Parallèlement, on pourrait s’inquiéter d’un éventuel problème de confidentialité inhérent à la modulation de l’impôt en fonction de la situation personnelle de l’imposé. Puisque la déduction de l’impôt se fait directement sur la fiche de paie, l’employeur devrait alors connaître les situations privées de ses employés, ce qui constituerait une conséquence néfaste de ce système. Là encore, l’Etat a anticipé : le taux de prélèvement est la seule information transmise par l’administration fiscale à l’employeur, qui n’aura comme unique mission que d’appliquer ce taux sur le salaire de l’employé. L’administration fiscale représente donc, en réalité, le seul interlocuteur du salarié. L’Etat évite ainsi cet écueil ; néanmoins, la mise en place de ce prélèvement présente quelques inconvénients.
Les inconvénients du prélèvement à la source de l’impôt sur le revenu
Bien qu’ayant le soutien des Français et présentant des avantages certains, le prélèvement à la source n’échappe pas aux critiques. En cause, une simplification illusoire et un simple moyen pour l’Etat de récupérer plus facilement et plus rapidement son argent.
Le prélèvement à la source de l’impôt sur le revenu promettait de faciliter la vie des Français. En réalité, il n’en est rien : la déclaration de revenus annuelle ne disparaît pas avec ce nouveau système. Chaque année, les contribuables devront la remplir et la retourner au centre des finances, exactement de la même manière qu’avant. Ainsi, les formalités administratives sont toujours d’actualité. Ce système est surtout plus simple pour le Trésor public qui prélève cet impôt et qui n’a plus à s’embarrasser de chèques et autres virements. Pire, le travail est complexifié pour les employeurs puisqu’ils auront la tâche supplémentaire d’appliquer un taux individualisé pour chacun de leurs employés. Cette gestion additionnelle représente une nouvelle charge pour l’entreprise.
En outre, au delà des incompréhensions légitimes provoquées par ce système pour les habitués de l’ancien, la mise en place de ce dispositif a un impact sur la trésorerie du contribuable. En effet, chaque mois, il disposera de moins d’argent puisqu’il est prélevé sur sa fiche de paie directement, et donc de moins de disponibilités. Les revenus perçus en fin de mois étant moindres, les liquidités à fructifier sont désormais moins importantes qu’avant.
Aussi, ce prélèvement presque « automatique » pourrait avoir comme conséquence une augmentation des contentieux fiscaux. Des maladresses peuvent être réalisées par les entreprises au moment d’appliquer le taux : l’individualisation du taux augmente inévitablement le risque d’erreur.

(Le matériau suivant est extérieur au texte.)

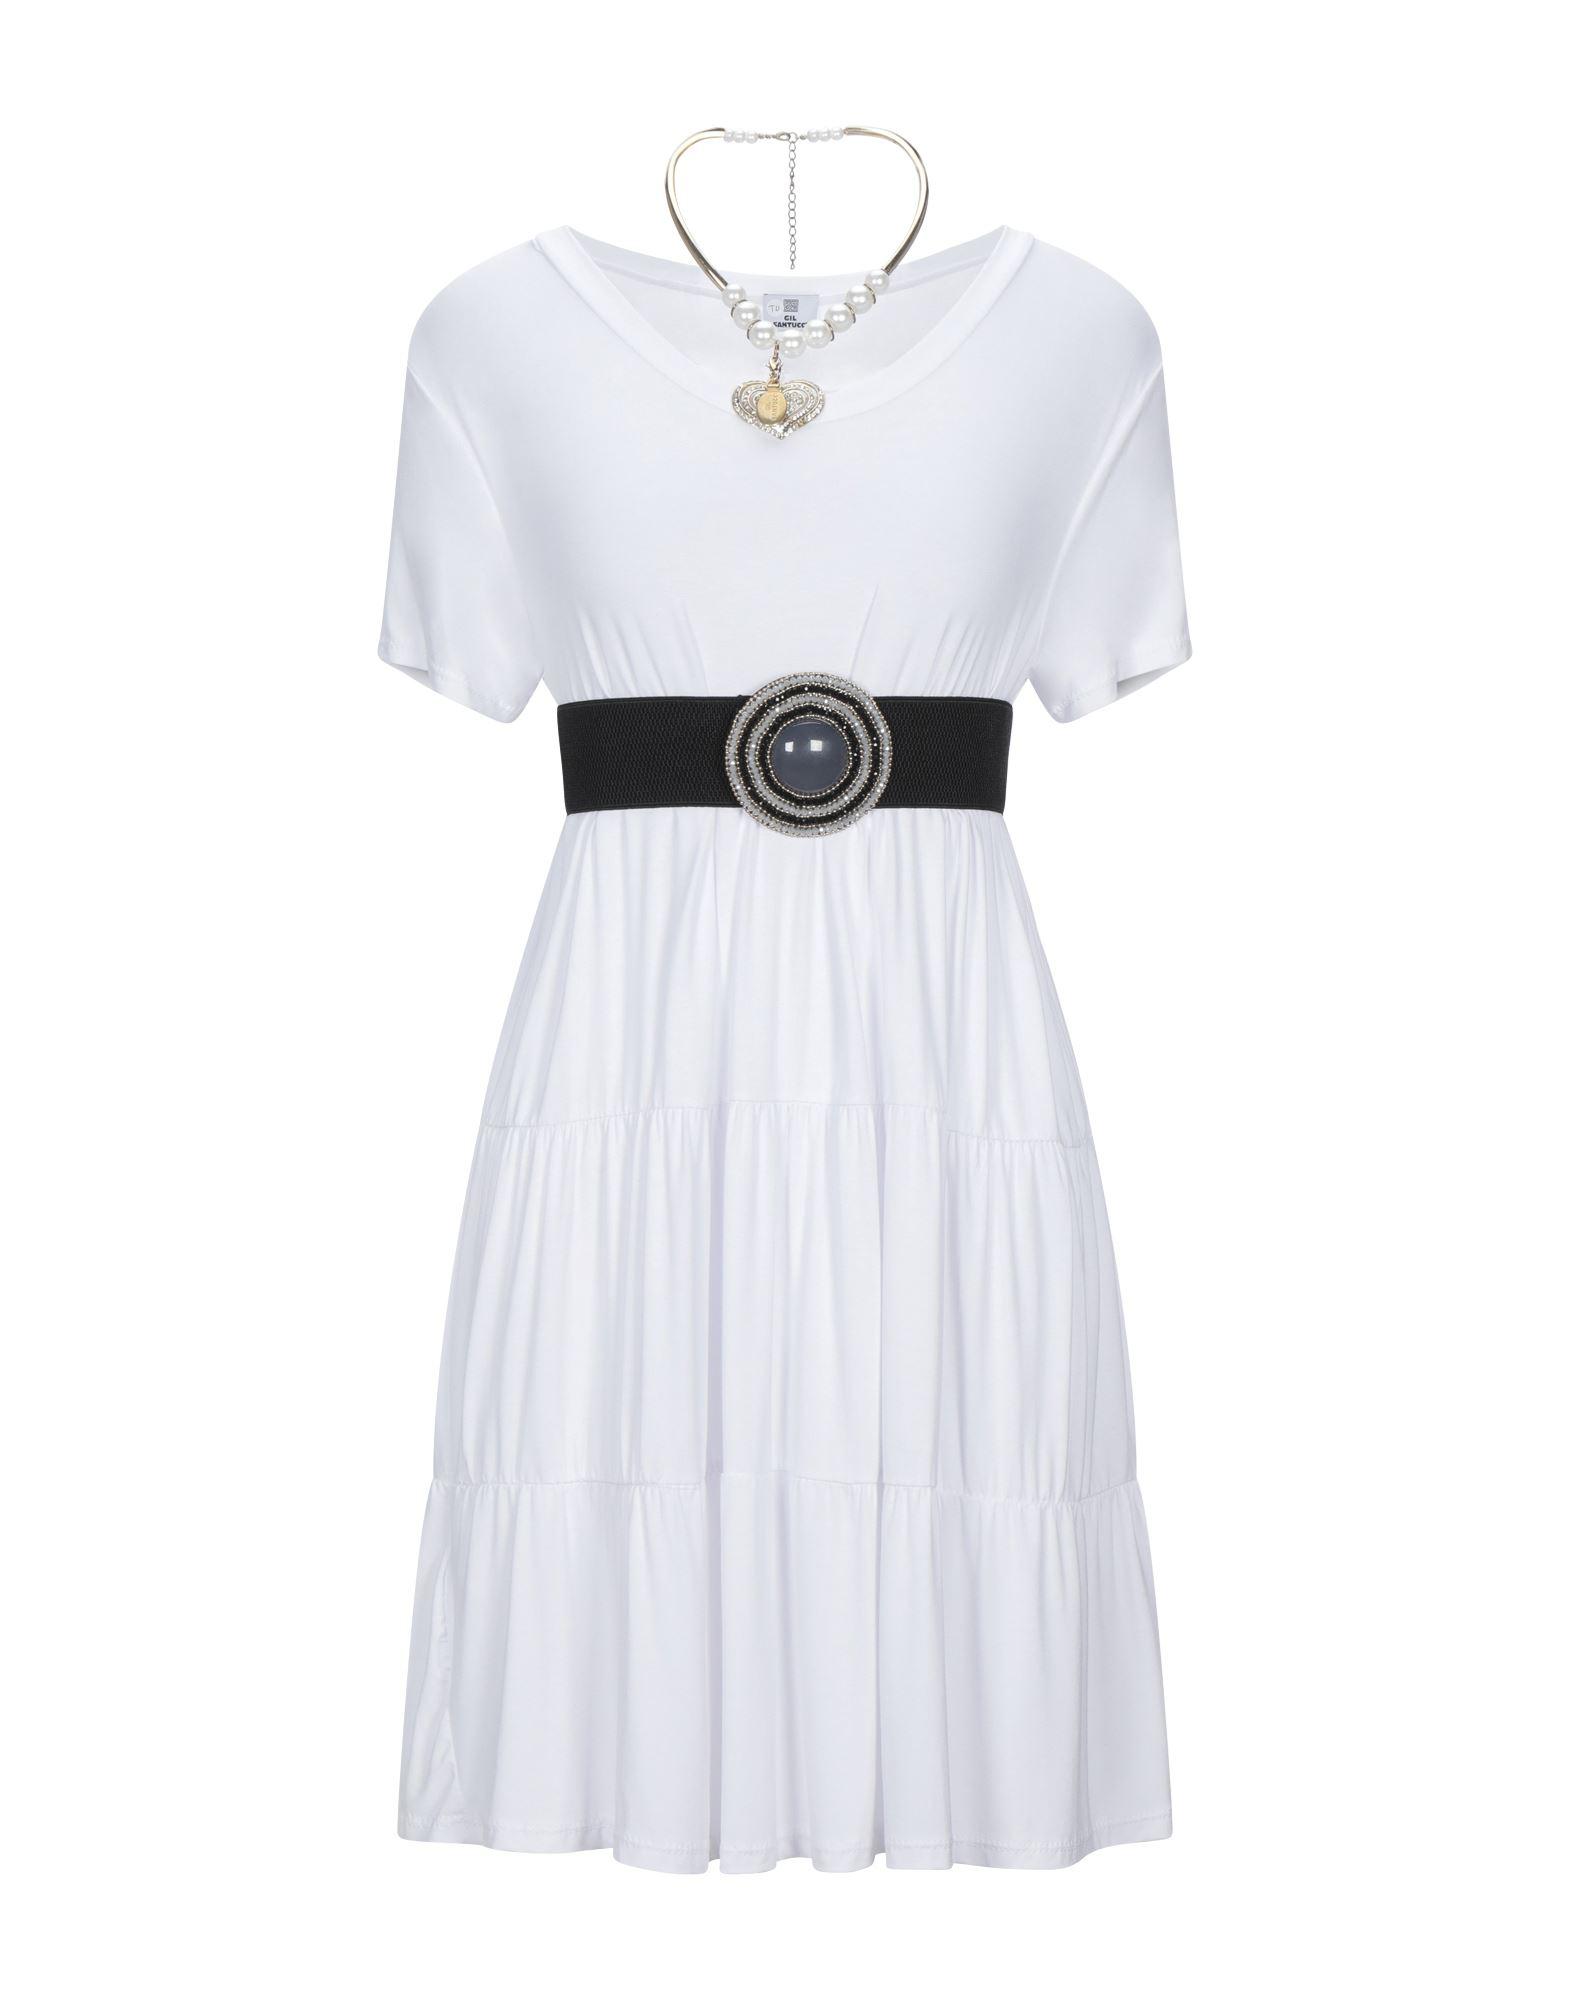 Фото - GIL SANTUCCI Короткое платье gil santucci платье до колена

Par ailleurs, sur un autre plan, plus social, on peut s’interroger sur l’intérêt pour le contribuable de se faire « assister » de cette manière par l’Etat. En donnant moins de responsabilités aux Français, derrière une justification discutable de simplification administrative, l’Etat prouve que le lien de confiance qui l’unit à ses concitoyens est fragile.
Le futur du prélèvement à la source
Le ministre de l’Action et des Comptes publics a annoncé des ajustements du prélèvement à la source pour 2020.
Le projet de loi de finances pour 2020 (article 58) propose de dispenser de déclaration annuelle les foyers fiscaux dont la déclaration de revenus ne nécessite pas de compléments ou rectifications. Ce serait alors une véritable simplification administrative pour le contribuable.
De plus, l’article 2 de ce projet de loi prévoit une baisse de l’impôt sur le revenu (11% avec un plafonnement pour la première tranche du barème), baisse qui sera intégrée dans le calcul du taux de prélèvement à la source dès janvier 2020, nouvelle qui ravira pour sûr les Français.